→ **Your task**
When you reach the line containing "July 4th - Independence Day", begin reproducing the lines exactly and continue through the end of the listing, leaving out the pictures.

→ **Given data**
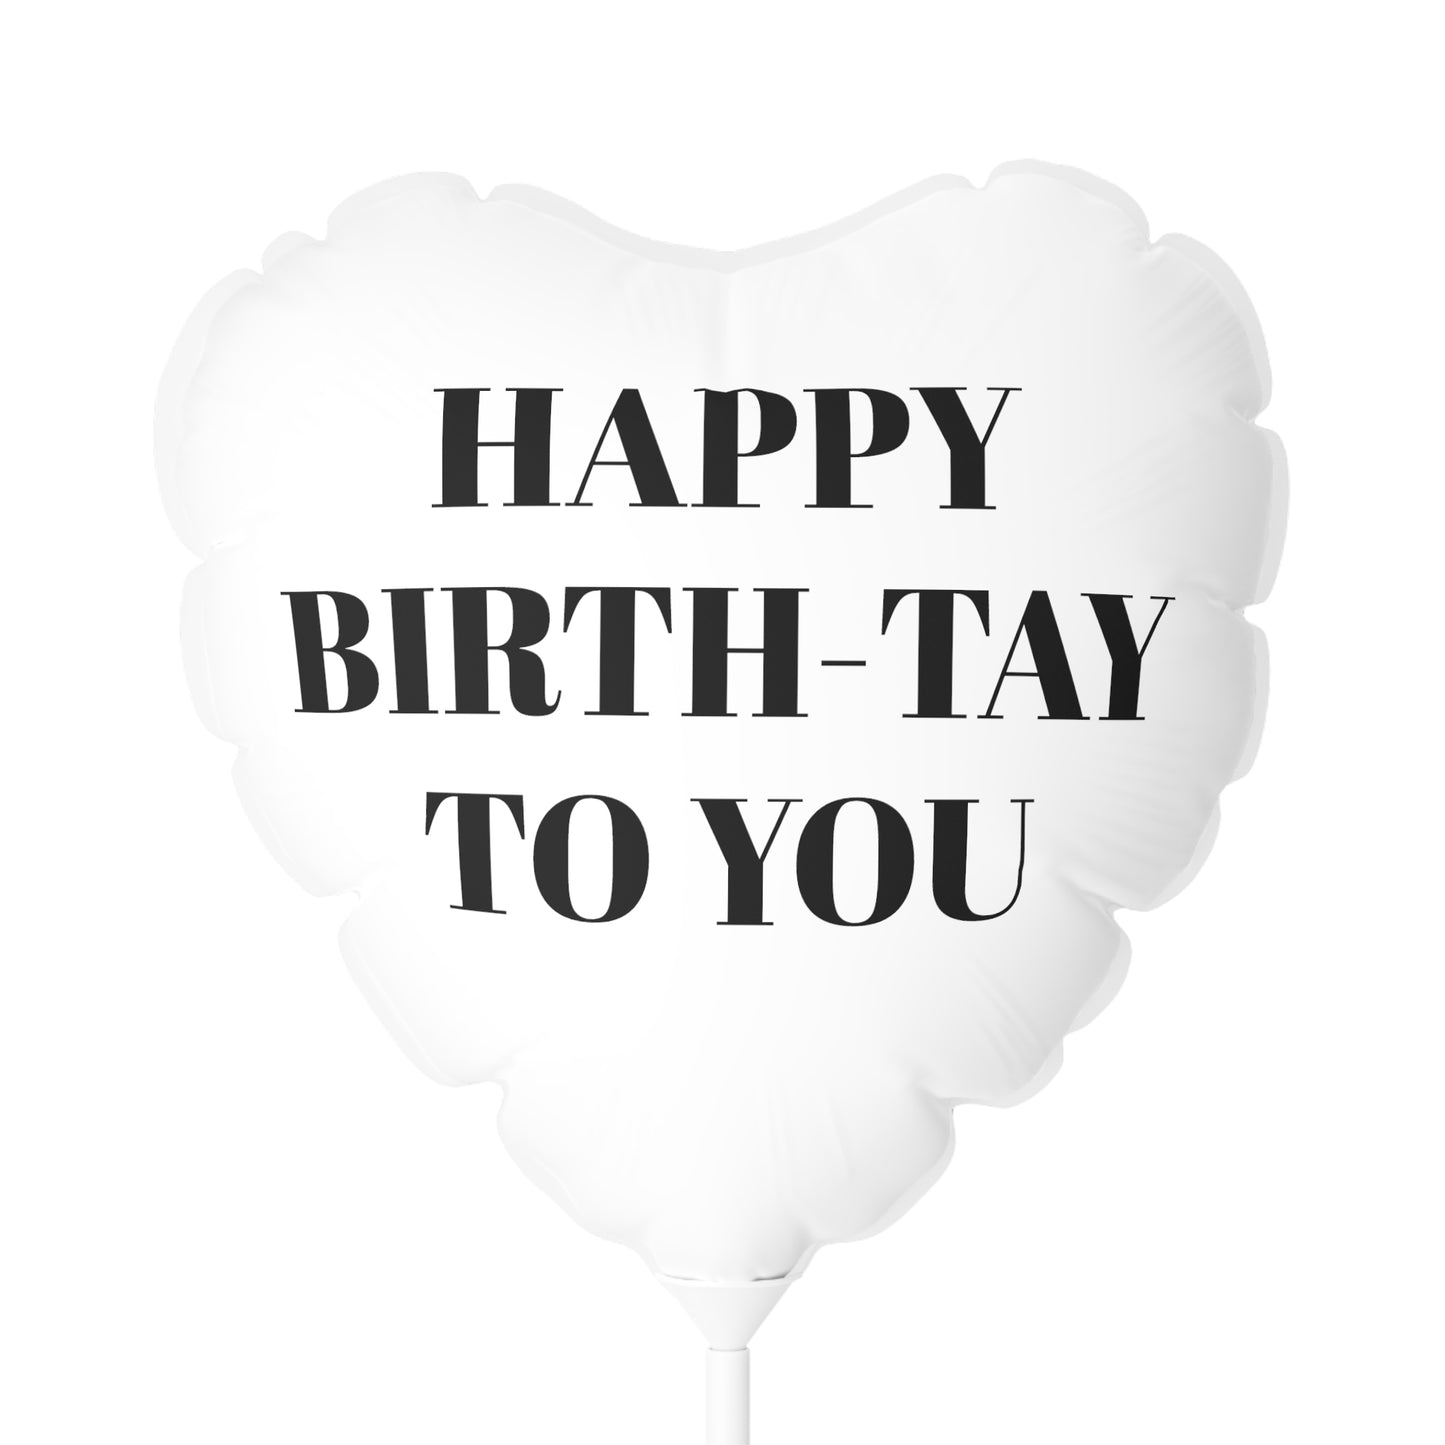 Always A Reason To Celebrate Collection- Happy Birth-TAY Balloon (Round and Heart-shaped), 11"
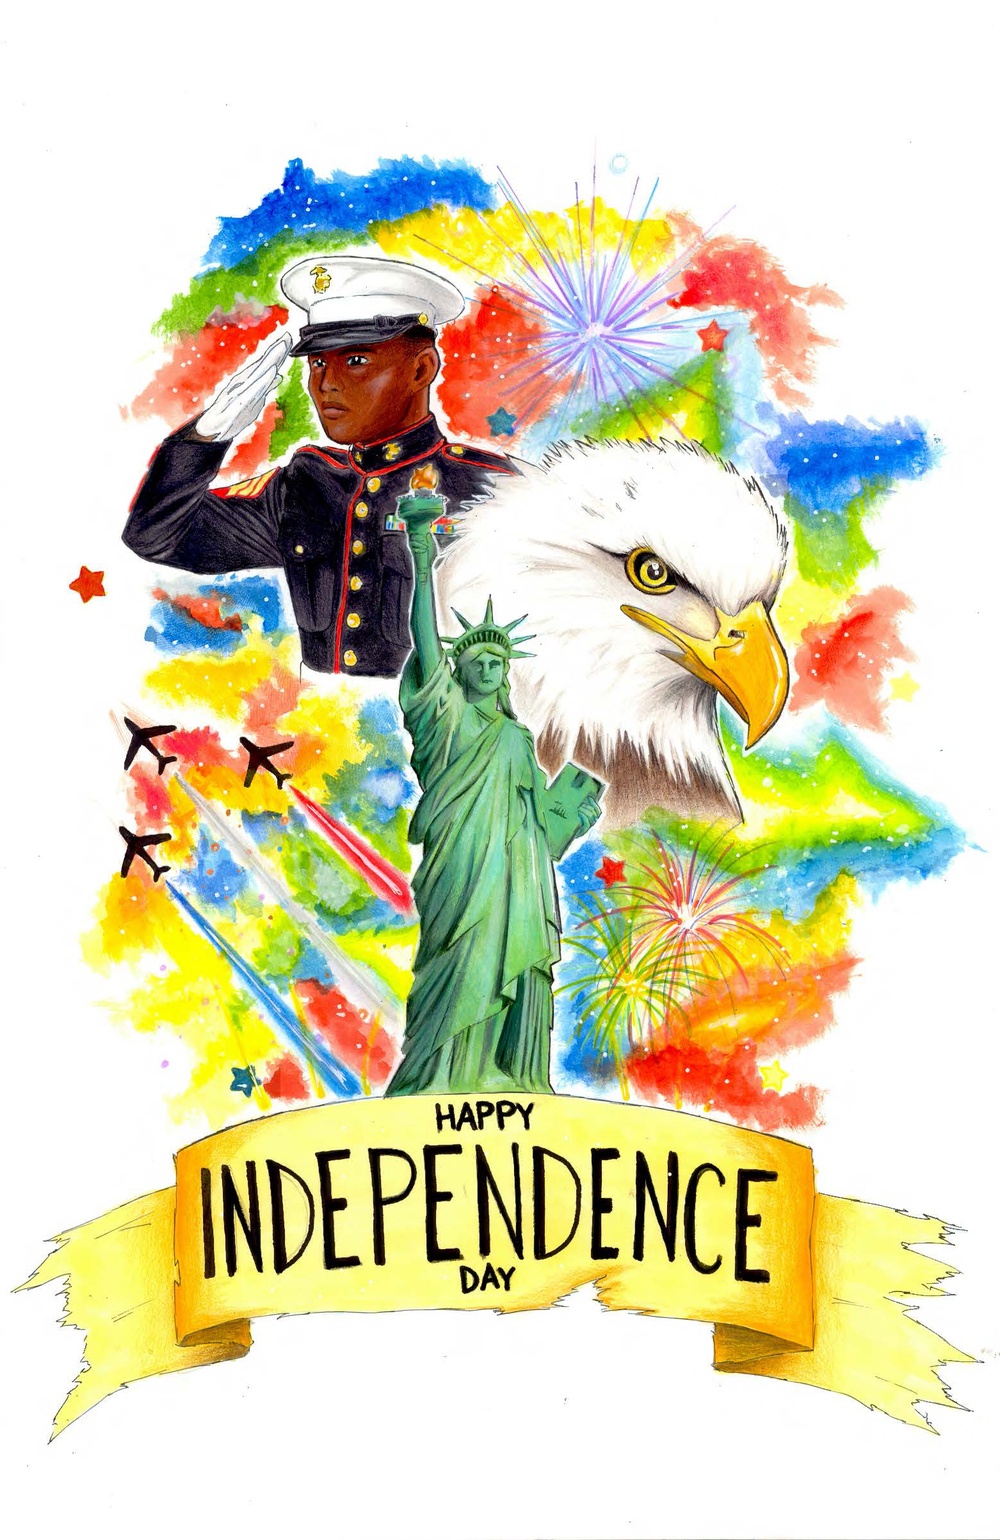 July 4th - Independence Day
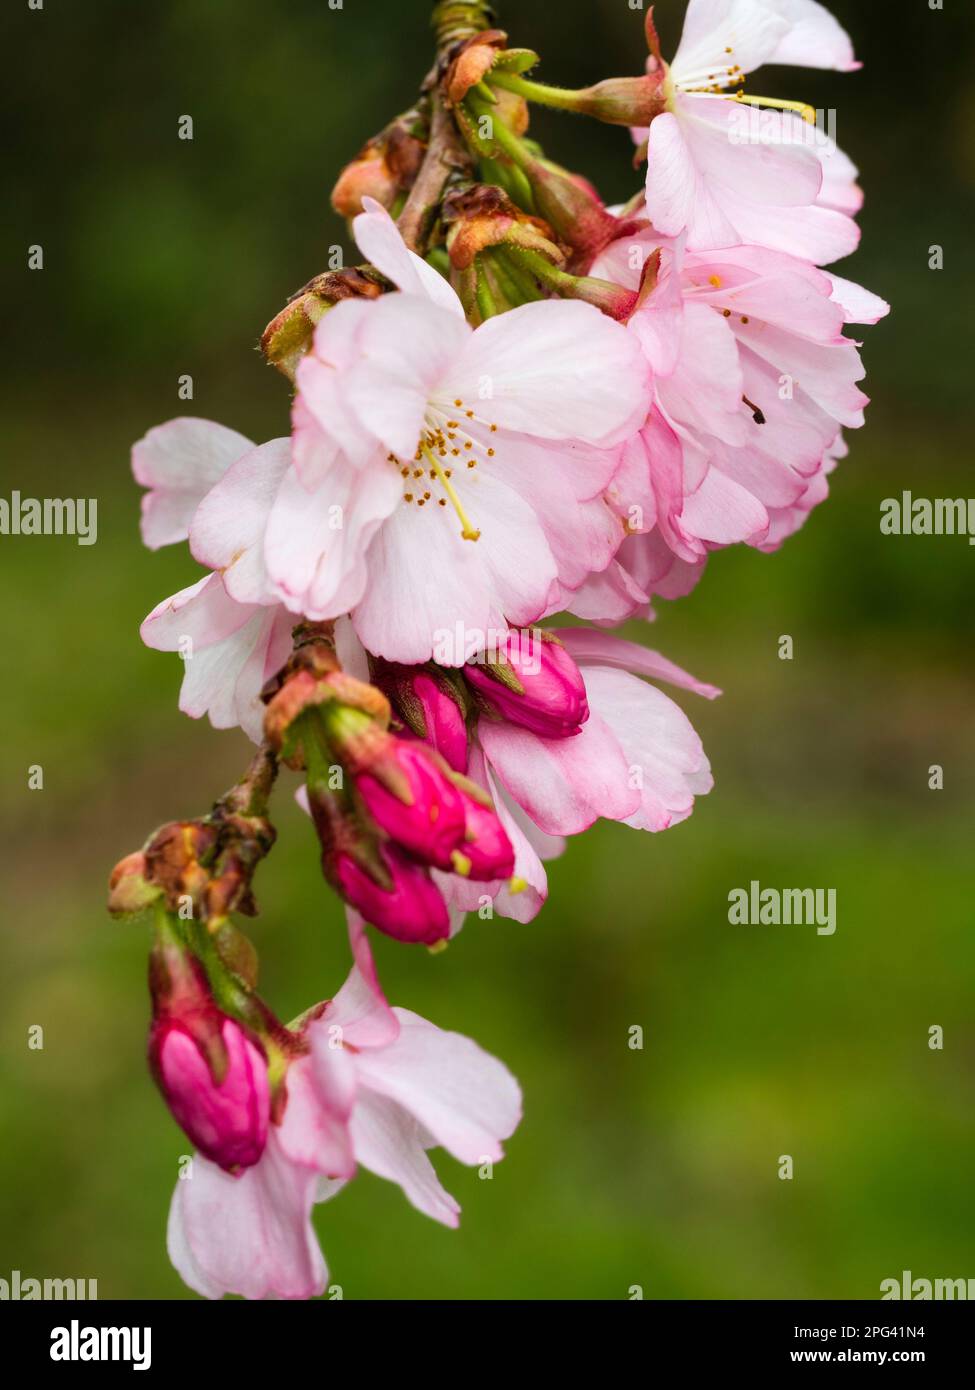 Pink, semi double blossom of the hardy, early spring flowering cherry tree, Prunus 'Accolade' Stock Photo

→ **Task response**
 July 4th - Independence Day
 Pink, semi double blossom of the hardy, early spring flowering cherry tree, Prunus 'Accolade' Stock Photo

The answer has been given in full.